We study pedestrian dynamics using Kalman filtering methods. Kalman filters apply the Bayesian approach to a time series and incorporate the uncertainty in both the measurement and the mathematical model to create a better state estimate of a system, and are commonly used to reduce error in state estimates for applications ranging from radar systems to GPS.
Our goal is to combine a Kalman filter and the Kuhn-Munkres algorithm to not only predict the locations of the pedestrians but also reconstruct their walking path trajectories. We first worked on the linear system of stochastic differential equations to model undisturbed pedestrian dynamics, which is motivated by the work from Corbetta et al. The model uses Langevin equations to describe the Brownian motion-like perturbations in pedestrian trajectories. We utilize the data collected over one year from the Eindhoven University of Technology MetaForum building.
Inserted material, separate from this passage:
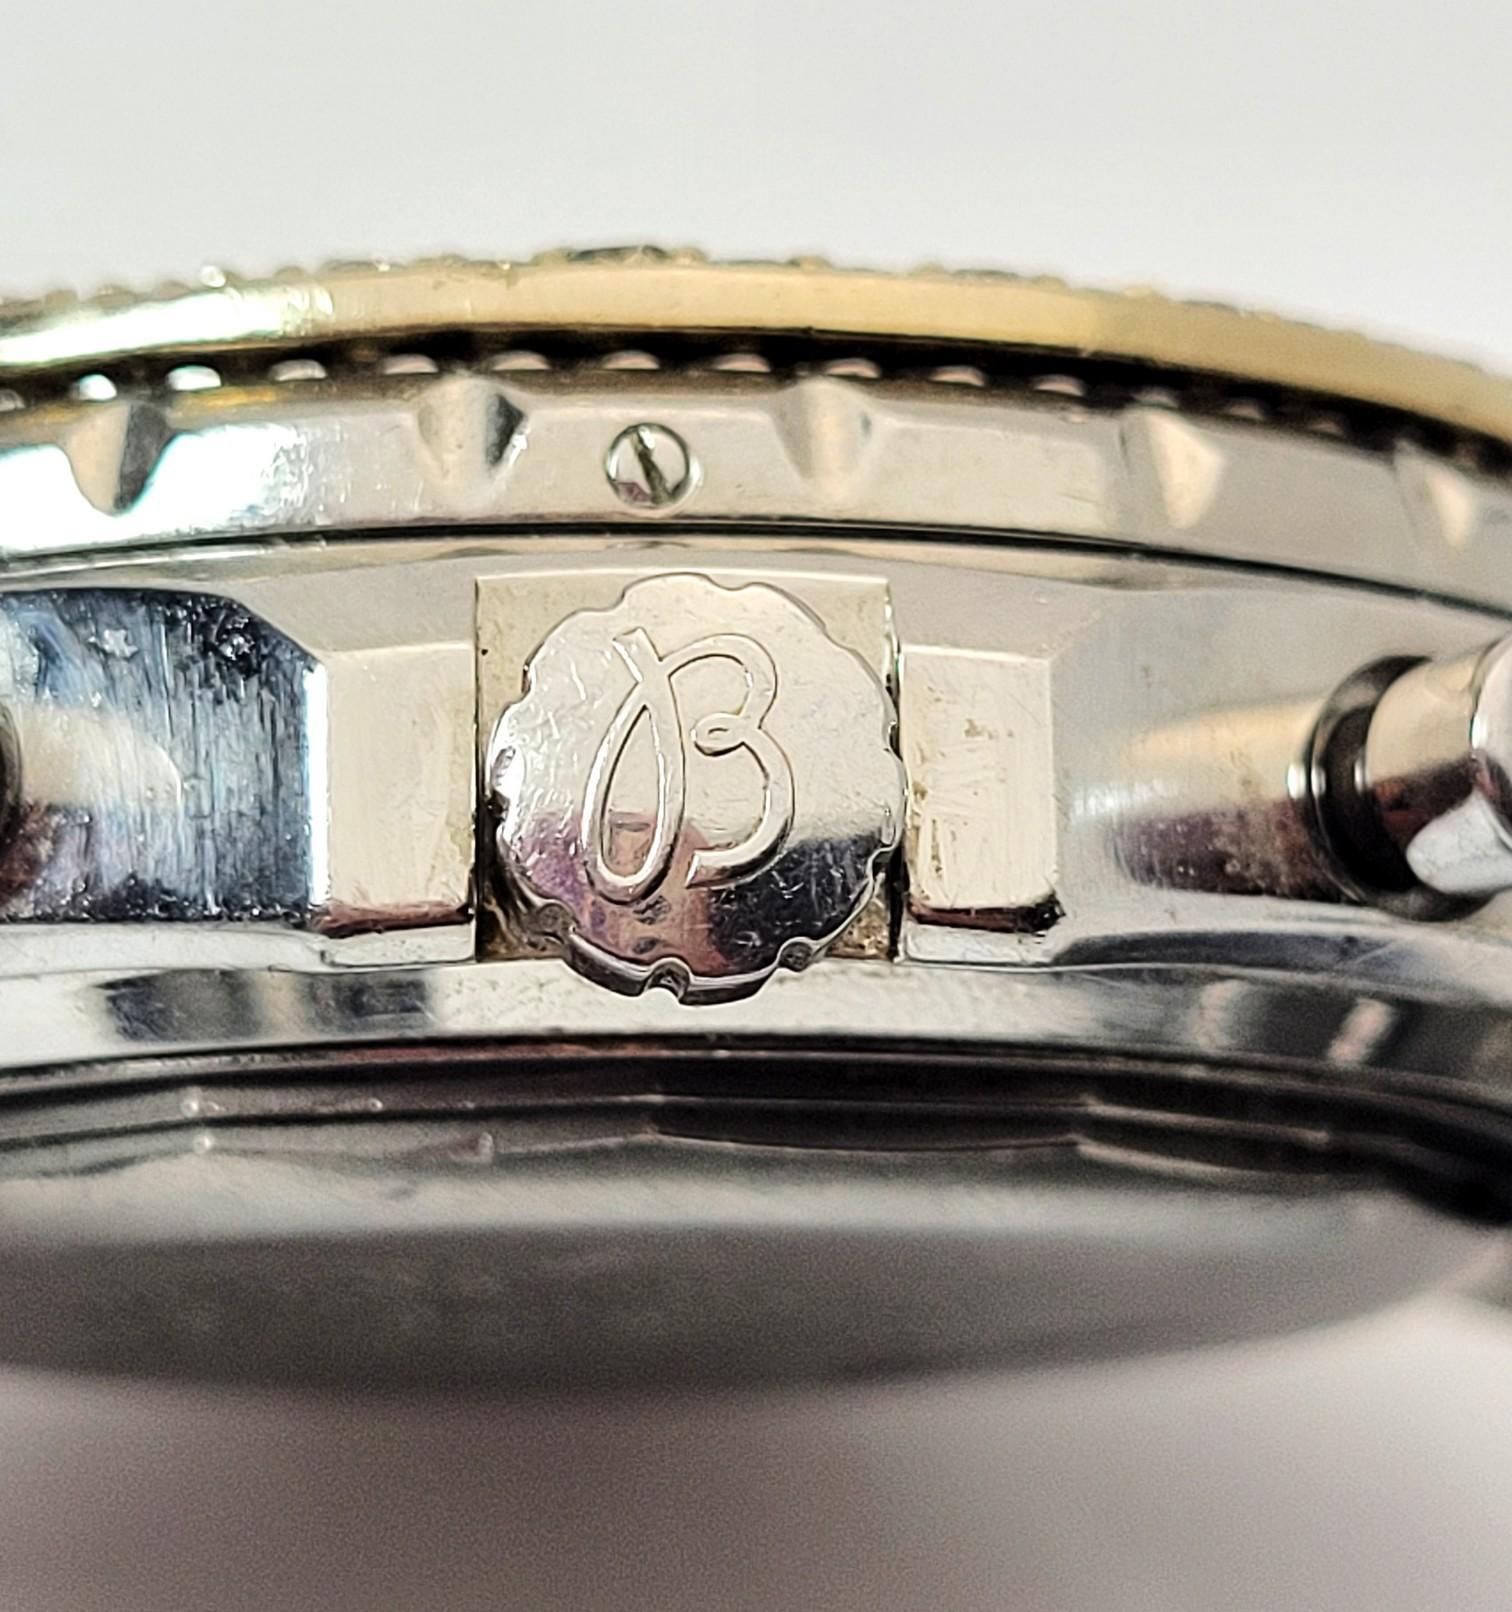 Mens Breitling Bentley Diamond Bezel St. STeel Chronograph Watch

While our measurement data are recorded with relatively high frequency and low noise, we also investigate the effect of reduced data quality by downsampling our data set.
In the next step, we extend our study to a pedestrian model similar to the social force model described by Helbing et al. which includes pedestrian avoidance behavior on a second data set, the Eindhoven train station. The data set contains pedestrian data for different crowd densities and includes more interactions among pedestrians.
We find that using a Kalman filter improved results for both data sets, especially for connecting trajectories when more pedestrians are present. Using the pedestrian model with avoidance versus without avoidance showed no improvement.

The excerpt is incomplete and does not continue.